How will I feel if I reach my goal this week?: I will feel great! I’m only 11.25 lbs away from my next milestone and I would be so excited if I had a great number this week to subtract from that.

How will I feel if I don’t reach my goal this week?: I would feel lazy and ungrateful for the opportunity. It may be a long way off now, but time is still ticking away and November will be here before I know it.

Total weight loss: 18.35

Monday, April 8, 2013

Week 13: April 8 Weigh-In

Food column: 5 stickers and 2 Fs. FAIL. One day I didn’t plan as well as I should have. The other day, we went to a buffet and I was thinking there would be plenty of good choices too. There was, but having all of those bad choices at my fingertips proved too much for me. Although, there were some little wins. I picked a cupcake and they all had a ton of frosting on them. When I started eating it though, I discovered the actual cake part was nearly tasteless and the frosting tasted like shortening. I only had one bite and didn’t eat the rest of it. I tried another dessert and found that after the first bite, it was too sugary and I didn’t eat the rest of it either. It’s interesting how the body’s tastes change when you start giving it what it needs vs. what will simply fill it up.

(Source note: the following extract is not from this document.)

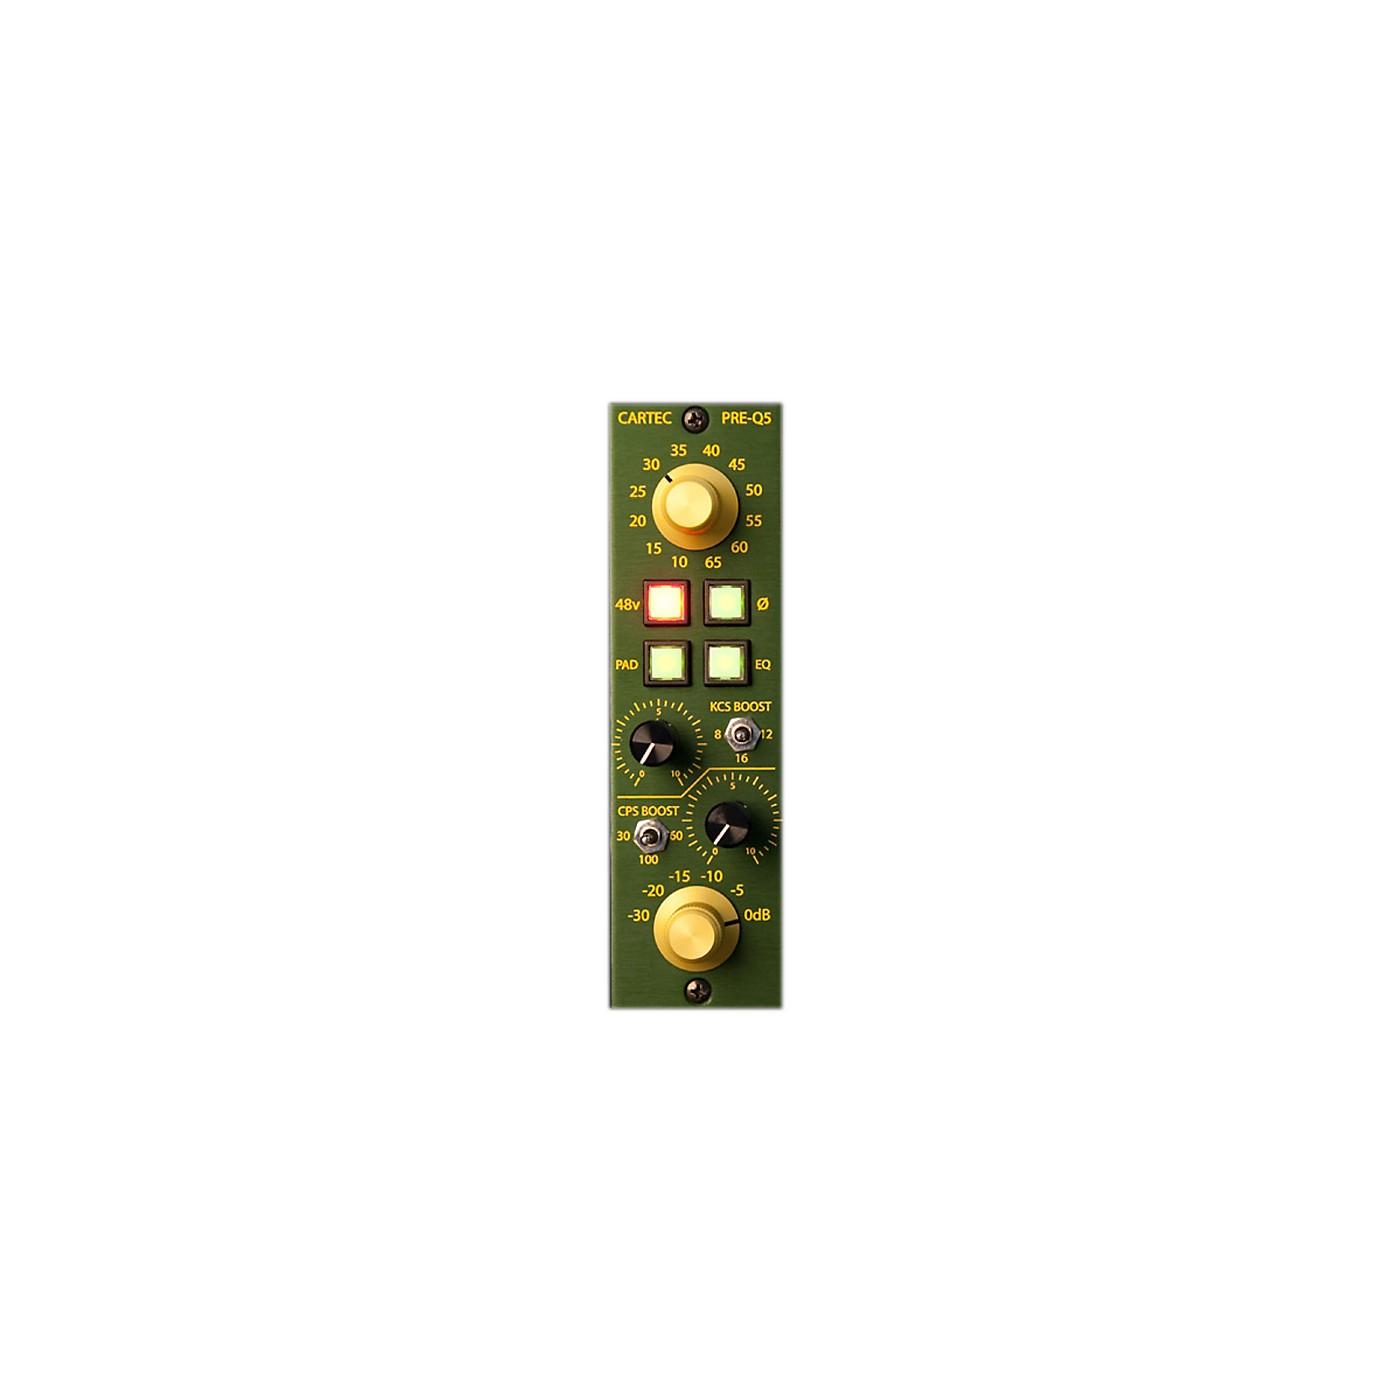 CARTEC Audio PRE-Q5 API 500 Series Mic Preamp thumbnail

Exercise column: 6 stickers and 1 F. FAIL. The F this week was more of a scheduling issue. The room I have the elliptical in was occupied for part of the day. Unfortunately, it was the part of the day where I would have been able to exercise so it didn’t work out.

I have decided to up the distance I exercise daily by ¼ of a mile. It’s time. The distance I have been doing is getting easier and I need to keep it challenging.

Water column: All stickers. PASS! I have decided to make my requirement 96 oz minimum instead of 64 oz. I find that even if I get 64 oz a day, I still feel like I’m dehydrated. As always, I will adjust again if needed, but I feel comfortable with this change.

Lose 2.2 lbs this week?: YES! I lost 3.0 lbs actually! If I was staring at a wall last week, this week has helped me put a big crack in it. I should be able to knock it down next weigh in if I keep the pressure up. I don’t know if I ever mentioned it, but I keep track of my weight by two different scales. The scale at home and the scale at the gym. (There’s roughly 2 lbs difference between them.) Well, this week on my home scale I broke into the next 10 lb range! It should follow on the gym scale next weigh in, but I am excited!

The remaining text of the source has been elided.